US TELCOM Verizon Communications asked the FCC for regulatory changes Wednesday to help it compete for customers with rival cable service providers.
It wants the FCC to make it just as simple for consumers to change their home video and Internet vendors as it is for them to switch their phone companies.
The largest US telecoms such as Verizon and AT&T are offering cable quality video services over fibre-optic links that compete with cable television vendors. Meanwhile, the major cable providers such as Comcast and Time Warner are selling VoIP based telephone services.
According to FCC regulations, phone companies accept cancellations directly from competitors, but many cable operators require their customers to call in disconnection orders themselves.
In its petition to the FCC, Verizon said: "The process to switch video providers is more cumbersome for consumers. This significantly complicates the process of switching video providers, thereby entrenching the cable incumbents' dominant market position."
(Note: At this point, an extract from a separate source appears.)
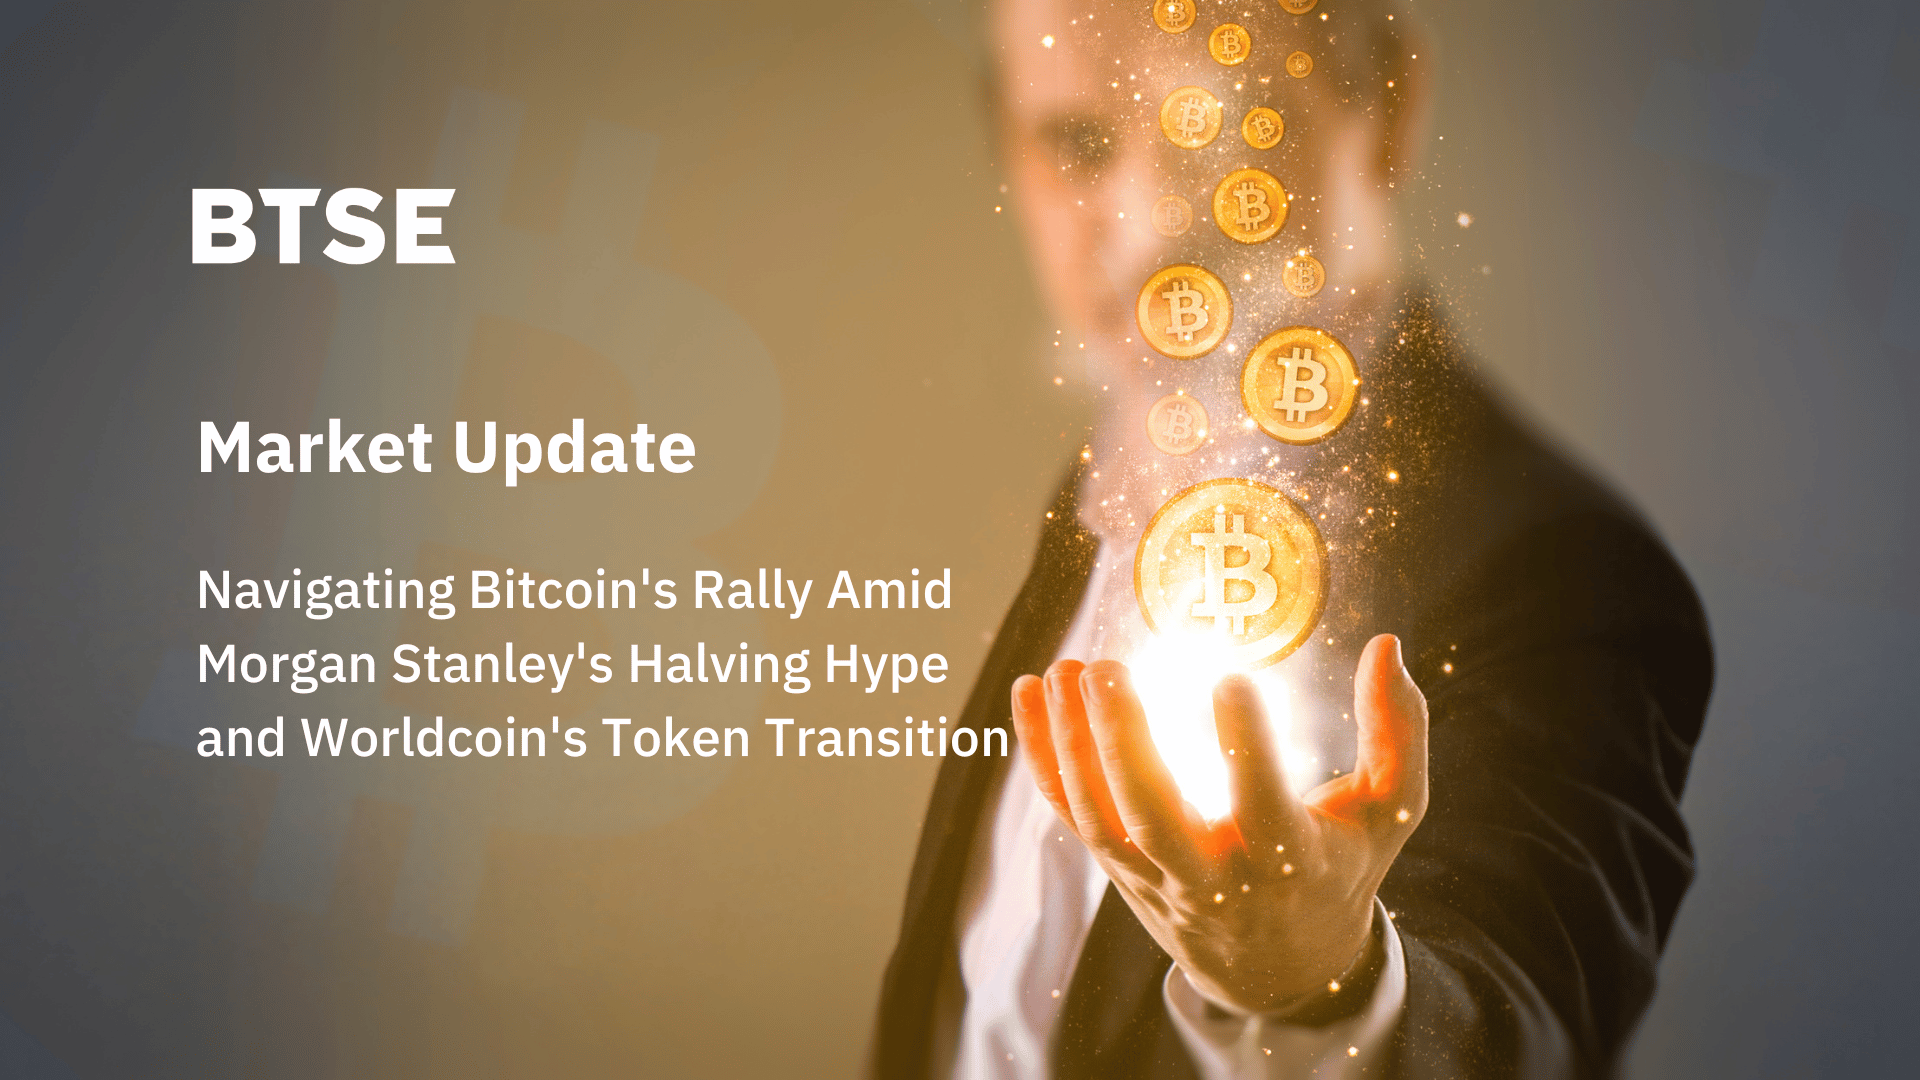 Navigating Bitcoin's Rally Amid Morgan Stanley's Halving Hype and Worldcoin's Token Transition

It's reasonable for phone companies to switch customers from one long-distance service provider to another on demand. Accomplishing that trick requires just a few database changes -- one at a local phone company's central office switch and one at each long-distance phone company. No muss, no fuss.
But switching away from cable video service to a competing fibre-optic based video service -- which is what Verizon is obviously seeking to facilitate here -- isn't nearly as straightforward. That requires two onsite service calls, one to disconnect the cable service and another to install the fibre-optic link. It's just naive to imagine that both providers will manage to coordinate those service calls well between themselves, without any interruption or overlap of services.
Anyone who's ever ordered the installation of broadband DSL service requiring logistics coordination between the local phone company and a competing local exchange carrier (CLEC) such as Covad knows what we're talking about here.
The FCC should do consumers a favour and decline to grant Verizon's wish. µ
L'Inq
Reuters
Well, as much as I dislike Time Warner and Roadrunner, because I live in what Verizon considers a "rural" area (only 10 miles from the New York state capital building in Albany), it will be a LONG time before Verizon provides DSL or FiOS to compete with TW/RR. And with the charges for Verizon POTS rising; I made the switch to TW digital phone service without breaking a sweat.

I'd like some competition to TW/RR, but it isn't going to come from Verizon.